Question

How do you write a balanced overall reaction given the following unbalanced half reactions?
$\begin{align}
 & Li\to L{{i}^{+}} \\
 & B{{a}^{+2}}\to Ba \\
\end{align}$

Answer 1

Hint: To balance the reaction, multiply one equation with a constant so that number of electrons lost is equal to the number of electrons gained, then add the two equations, to get the final balanced equation.

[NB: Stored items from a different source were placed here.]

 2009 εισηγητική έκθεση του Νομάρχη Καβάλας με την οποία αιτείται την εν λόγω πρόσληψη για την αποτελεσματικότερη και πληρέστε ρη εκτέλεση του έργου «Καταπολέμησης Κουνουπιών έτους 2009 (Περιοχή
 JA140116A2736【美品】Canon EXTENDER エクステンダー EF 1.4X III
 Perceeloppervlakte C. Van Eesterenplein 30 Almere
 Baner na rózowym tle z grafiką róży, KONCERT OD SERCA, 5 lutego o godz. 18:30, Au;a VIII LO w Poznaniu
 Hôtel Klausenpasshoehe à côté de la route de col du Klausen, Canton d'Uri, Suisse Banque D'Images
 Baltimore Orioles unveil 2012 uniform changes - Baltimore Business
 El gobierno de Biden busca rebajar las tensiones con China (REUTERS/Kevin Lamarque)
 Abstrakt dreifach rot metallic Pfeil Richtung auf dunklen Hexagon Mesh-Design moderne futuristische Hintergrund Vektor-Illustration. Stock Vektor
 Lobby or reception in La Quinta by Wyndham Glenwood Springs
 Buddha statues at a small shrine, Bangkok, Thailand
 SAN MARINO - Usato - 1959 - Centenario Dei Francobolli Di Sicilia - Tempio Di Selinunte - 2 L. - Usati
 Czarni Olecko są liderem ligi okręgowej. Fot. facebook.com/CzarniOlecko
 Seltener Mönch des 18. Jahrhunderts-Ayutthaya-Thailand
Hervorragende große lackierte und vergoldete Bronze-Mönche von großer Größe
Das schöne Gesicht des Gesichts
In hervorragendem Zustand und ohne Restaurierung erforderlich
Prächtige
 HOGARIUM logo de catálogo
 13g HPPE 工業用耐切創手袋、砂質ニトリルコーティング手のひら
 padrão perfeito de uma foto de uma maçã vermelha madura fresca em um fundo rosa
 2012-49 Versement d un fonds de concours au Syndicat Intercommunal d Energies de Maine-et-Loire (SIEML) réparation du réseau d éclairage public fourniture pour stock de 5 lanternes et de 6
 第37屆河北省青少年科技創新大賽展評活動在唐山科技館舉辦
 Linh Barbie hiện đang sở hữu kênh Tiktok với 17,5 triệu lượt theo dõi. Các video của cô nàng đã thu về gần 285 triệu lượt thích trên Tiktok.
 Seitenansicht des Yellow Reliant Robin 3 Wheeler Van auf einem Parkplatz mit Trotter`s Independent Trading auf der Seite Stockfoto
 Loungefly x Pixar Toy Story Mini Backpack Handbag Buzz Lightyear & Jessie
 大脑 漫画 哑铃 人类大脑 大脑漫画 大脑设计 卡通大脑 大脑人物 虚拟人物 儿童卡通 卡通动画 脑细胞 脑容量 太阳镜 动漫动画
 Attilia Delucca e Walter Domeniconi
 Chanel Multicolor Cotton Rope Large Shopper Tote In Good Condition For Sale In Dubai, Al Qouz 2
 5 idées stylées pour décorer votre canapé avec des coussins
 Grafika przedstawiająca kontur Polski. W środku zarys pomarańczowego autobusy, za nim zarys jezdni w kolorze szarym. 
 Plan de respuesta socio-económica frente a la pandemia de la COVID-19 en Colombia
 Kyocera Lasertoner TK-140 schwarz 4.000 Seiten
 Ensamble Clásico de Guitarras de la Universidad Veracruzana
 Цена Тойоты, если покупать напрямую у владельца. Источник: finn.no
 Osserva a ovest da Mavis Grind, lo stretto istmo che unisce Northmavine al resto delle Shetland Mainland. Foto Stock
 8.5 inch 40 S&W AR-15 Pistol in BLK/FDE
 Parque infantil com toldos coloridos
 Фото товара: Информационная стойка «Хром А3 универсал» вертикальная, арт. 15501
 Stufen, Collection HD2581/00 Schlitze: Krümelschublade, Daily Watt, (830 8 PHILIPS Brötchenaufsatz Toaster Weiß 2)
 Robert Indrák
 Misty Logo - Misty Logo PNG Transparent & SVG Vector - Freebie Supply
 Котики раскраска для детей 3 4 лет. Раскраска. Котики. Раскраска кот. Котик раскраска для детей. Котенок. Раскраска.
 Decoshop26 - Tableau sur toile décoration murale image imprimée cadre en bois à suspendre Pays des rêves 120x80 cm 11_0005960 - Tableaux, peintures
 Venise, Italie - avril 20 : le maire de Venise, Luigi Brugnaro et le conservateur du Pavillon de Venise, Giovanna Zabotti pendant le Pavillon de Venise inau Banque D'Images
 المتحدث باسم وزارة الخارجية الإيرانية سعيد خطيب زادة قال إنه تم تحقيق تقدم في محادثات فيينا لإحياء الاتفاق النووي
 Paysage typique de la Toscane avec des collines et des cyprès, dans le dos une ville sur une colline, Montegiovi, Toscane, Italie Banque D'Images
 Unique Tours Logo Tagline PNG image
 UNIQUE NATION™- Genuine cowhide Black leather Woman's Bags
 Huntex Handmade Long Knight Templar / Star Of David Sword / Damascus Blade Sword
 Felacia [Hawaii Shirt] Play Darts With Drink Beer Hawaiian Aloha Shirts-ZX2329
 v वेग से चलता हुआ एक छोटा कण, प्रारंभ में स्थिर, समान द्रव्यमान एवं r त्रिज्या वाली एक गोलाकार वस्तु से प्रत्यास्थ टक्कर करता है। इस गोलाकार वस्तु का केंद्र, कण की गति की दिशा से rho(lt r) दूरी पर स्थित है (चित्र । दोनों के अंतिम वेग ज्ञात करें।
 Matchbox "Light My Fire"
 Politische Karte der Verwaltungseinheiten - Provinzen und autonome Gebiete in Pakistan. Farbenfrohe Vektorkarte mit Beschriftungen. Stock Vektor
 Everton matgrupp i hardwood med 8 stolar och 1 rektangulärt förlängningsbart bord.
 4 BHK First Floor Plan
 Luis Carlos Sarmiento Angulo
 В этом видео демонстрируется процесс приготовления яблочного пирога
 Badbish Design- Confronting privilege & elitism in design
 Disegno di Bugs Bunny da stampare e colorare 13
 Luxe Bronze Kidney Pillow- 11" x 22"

Complete step by step answer:
- In order to answer our question, we need to learn about the balancing of chemical equations. We know that matter can neither be created nor be destroyed in a chemical reaction. Moreover, no new species of some different element can suddenly be generated in any reaction. For example, in the reaction $2{{H}_{2}}+{{O}_{2}}\to 2{{H}_{2}}O$, we can see that both the number of atoms of hydrogen and oxygen in the reactant side and product side of the reaction are same. There are 4 hydrogen atoms and 2 oxygen atoms throughout the reaction. Moreover, when hydrogen and oxygen are mixed, the end product is water, which consists of hydrogen and oxygen only. No new element like nitrogen or argon has interfered in the reaction.
- However, when it comes to the balancing of ionic reactions, there is a little bit of a difference. In ionic reactions, there is exchange of electrons, and electrons are exchanged because out of protons, neutrons and electrons, electrons are the only mobile. Even in this case, the mass conservation principle is applied. So, we have to balance them in such a way that the number of electrons transferred is numerically equal to the number of electrons gained. Now, we have:
\[\begin{align}
 & Li\to L{{i}^{+}}+{{e}^{-}}...........(1) \\
 & B{{a}^{2+}}+2{{e}^{-}}\to Ba......(2) \\
\end{align}\]
Clearly, there is transfer of 2 electrons, so, we multiply equation (1) by 2 and we have:
\[2Li\to 2L{{i}^{+}}+2{{e}^{-}}...........(3)\]
Now, by adding equations (2) and (3), we can get the final balanced equation that is:
\[2Li+B{{a}^{2+}}\to 2L{{i}^{+}}+Ba\]
Hence, we get the required balanced equation.

Note: In the case of ionic reactions, the charge is treated as atomicity, which cannot be changed for any reaction. However, the coefficients can be changed by multiplying with a constant.